= List of selective estrogen receptor modulators =

Tamoxifen, a triphenylethylene derivative and the most well-known and widely used SERM.

This is a list of selective estrogen receptor modulators (SERMs).

==Approved==
SERMs that have been approved for medical use include anordrin (+mifepristone (Zi Yun)), bazedoxifene (+conjugated estrogens (Duavee)), broparestrol (Acnestrol), clomifene (Clomid), cyclofenil (Sexovid), lasofoxifene (Fablyn), ormeloxifene (Centron, Novex, Novex-DS, Sevista), ospemifene (Osphena; deaminohydroxytoremifene), raloxifene (Evista), tamoxifen (Nolvadex), and toremifene (Fareston; 4-chlorotamoxifen).

==Clinical trials==
SERMs that are currently under development and in clinical trials include acolbifene, afimoxifene (4-hydroxytamoxifen; metabolite of tamoxifen), elacestrant, enclomifene ((E)-clomifene), endoxifen (4-hydroxy-N-desmethyltamoxifen; metabolite of tamoxifen), and zuclomifene ((Z)-clomifene).

==Non-approved==
SERMs that have not been approved for medical use include arzoxifene, brilanestrant, clomifenoxide (clomiphene N-oxide; metabolite of clomifene), droloxifene (3-hydroxytamoxifen), etacstil, fispemifene, GW-7604 (4-hydroxyetacstil; metabolite of etacstil), idoxifene (pyrrolidino-4-iodotamoxifen), levormeloxifene ((L)-ormeloxifene), miproxifene, nafoxidine, nitromifene (CI-628), NNC 45-0095, panomifene, pipendoxifene (ERA-923), trioxifene, and zindoxifene (D-16726).

Sivifene (A-007) was initially thought to be a SERM due to its structural similarity to tamoxifen but it was subsequently found not to bind to the estrogen receptor (ER).

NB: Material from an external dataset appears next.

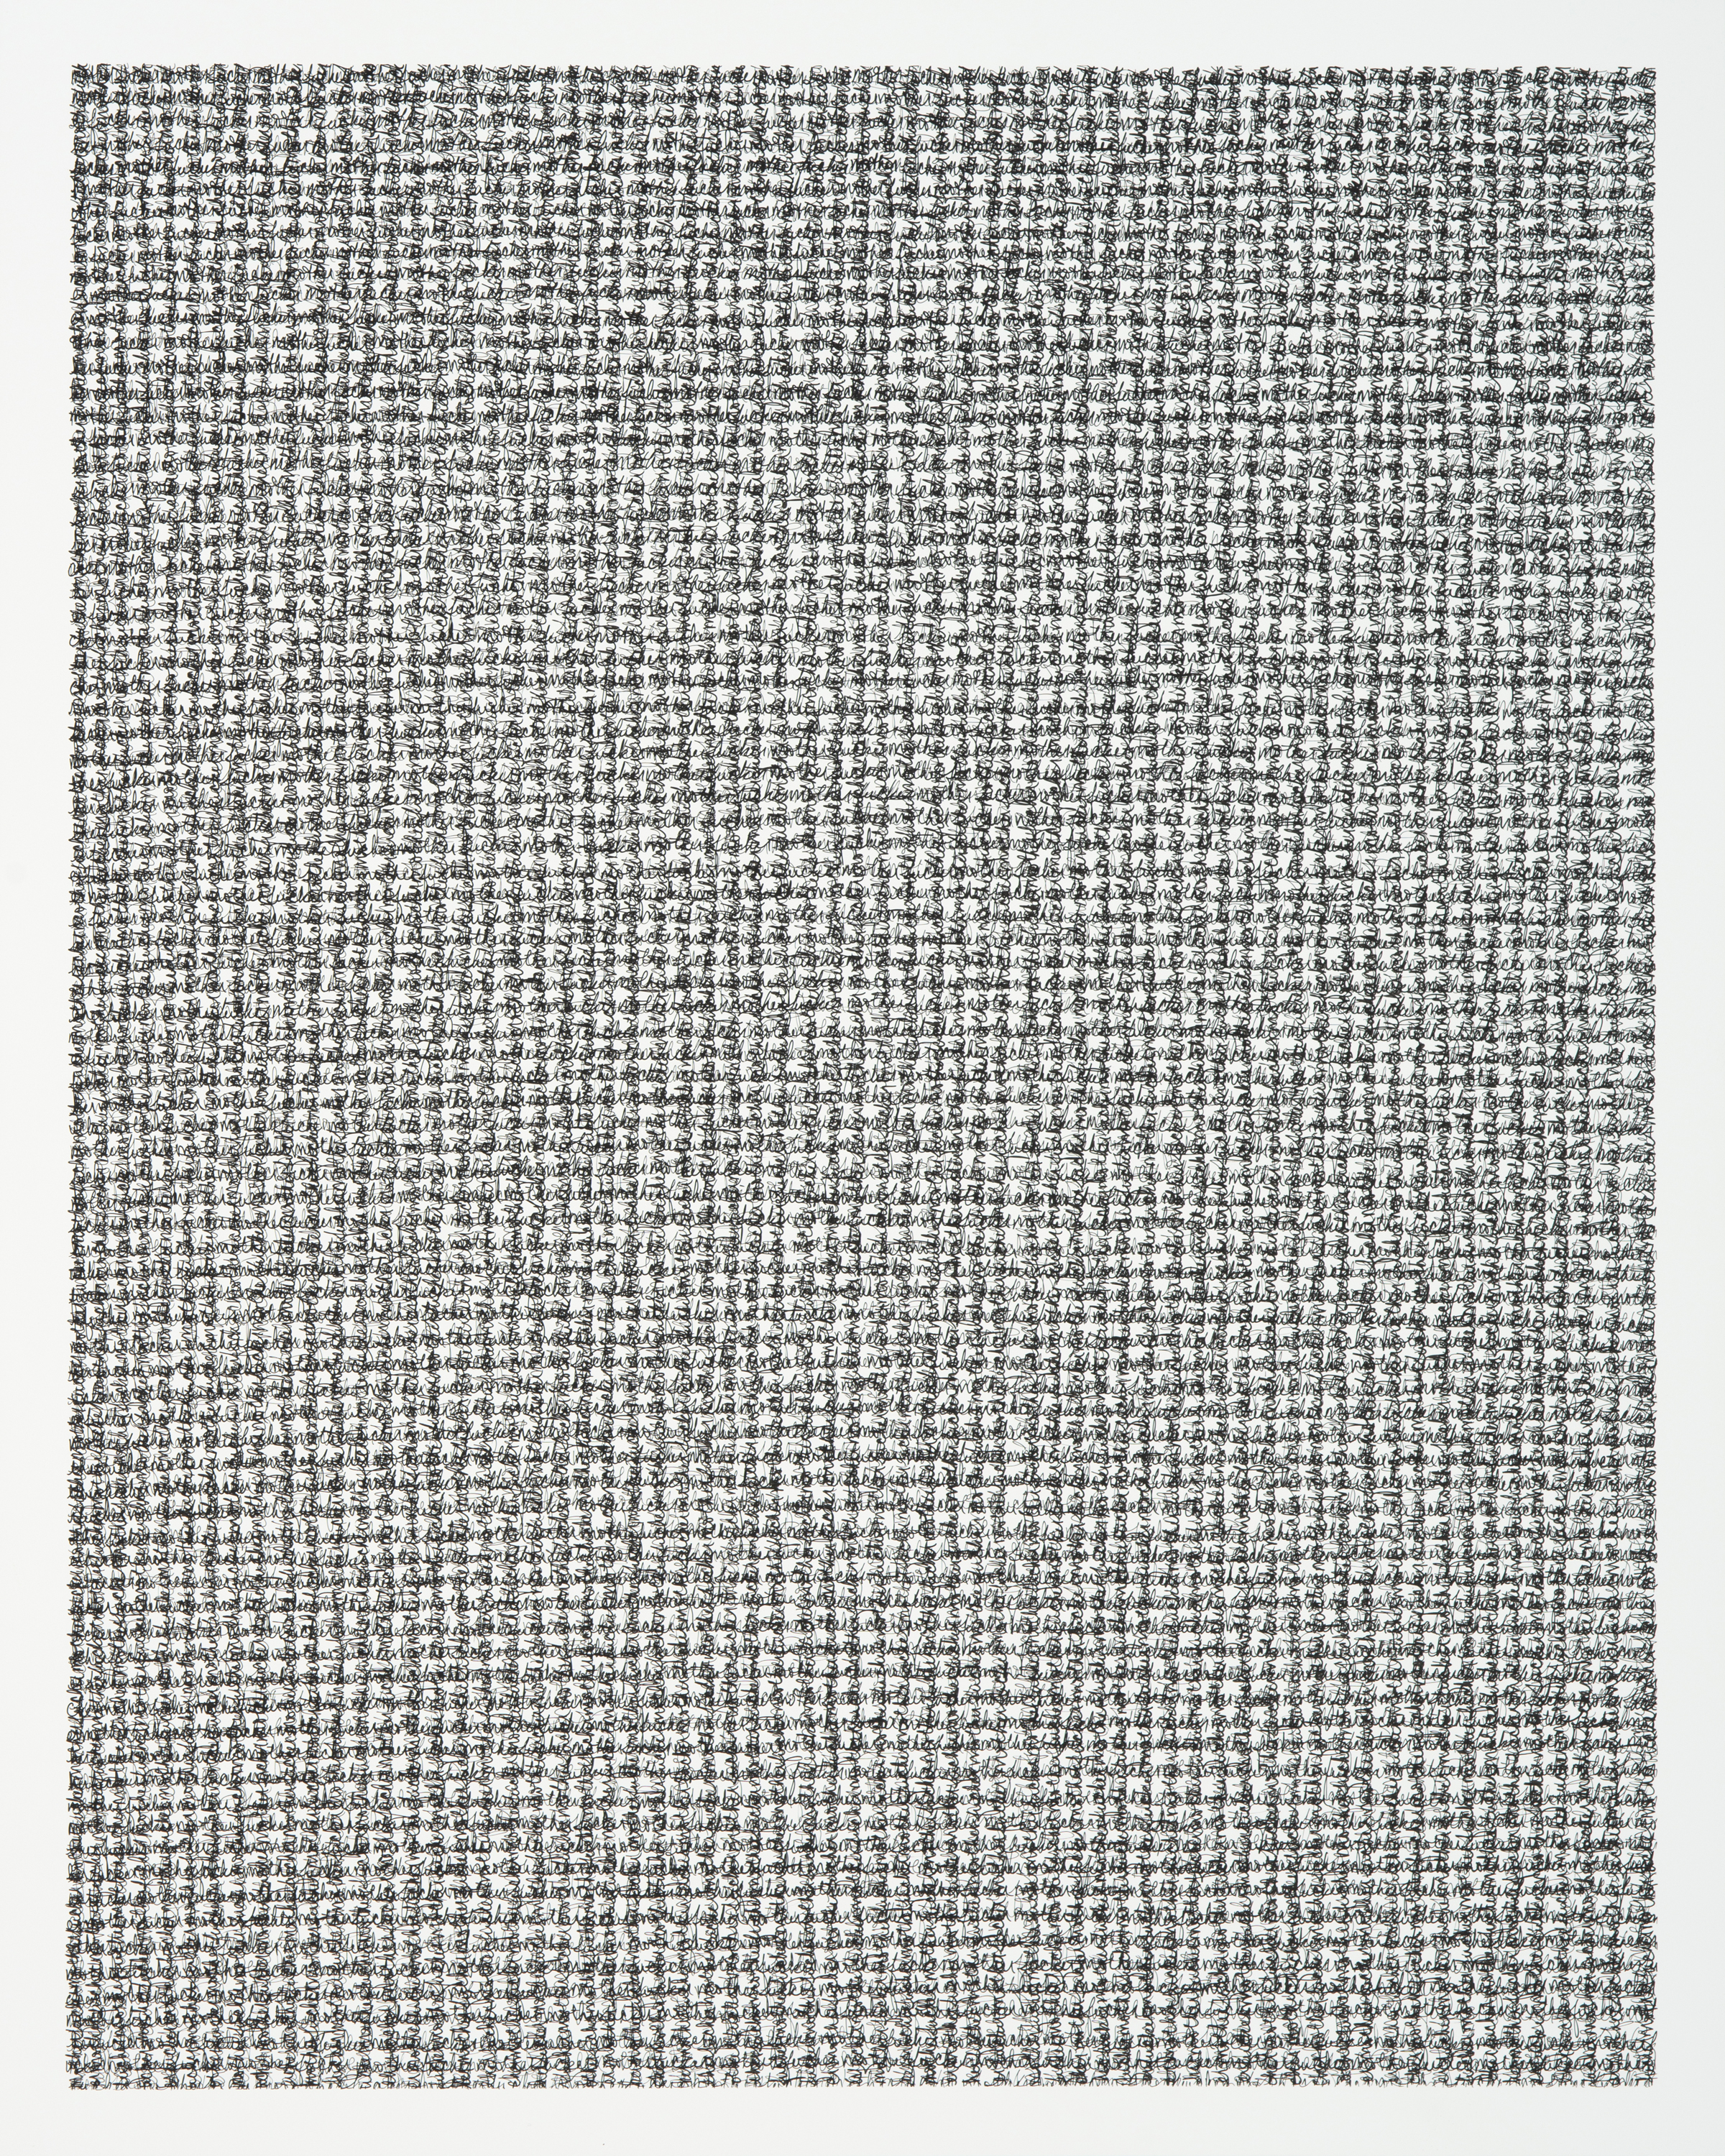 motherfucker, 2017 | ink on panel | 30" x 24" x 1.5" | Private Collection, Mercer Island, WA

Tesmilifene (DPPE; YMB-1002, BMS-217380-01) is also structurally related to tamoxifen but similarly does not bind to the ER and is not a SERM.

==Structure==
SERMs can be variously classified structurally as triphenylethylenes (tamoxifen, clomifene, toremifene, droloxifene, idoxifene, ospemifene, fispemifene, afimoxifene, others), benzothiophenes (raloxifene, arzoxifene), indoles (bazedoxifene, zindoxifene, pipendoxifene), tetrahydronaphthalenes (lasofoxifene, nafoxidine), and benzopyrans (acolbifene, ormeloxifene, levormeloxifene).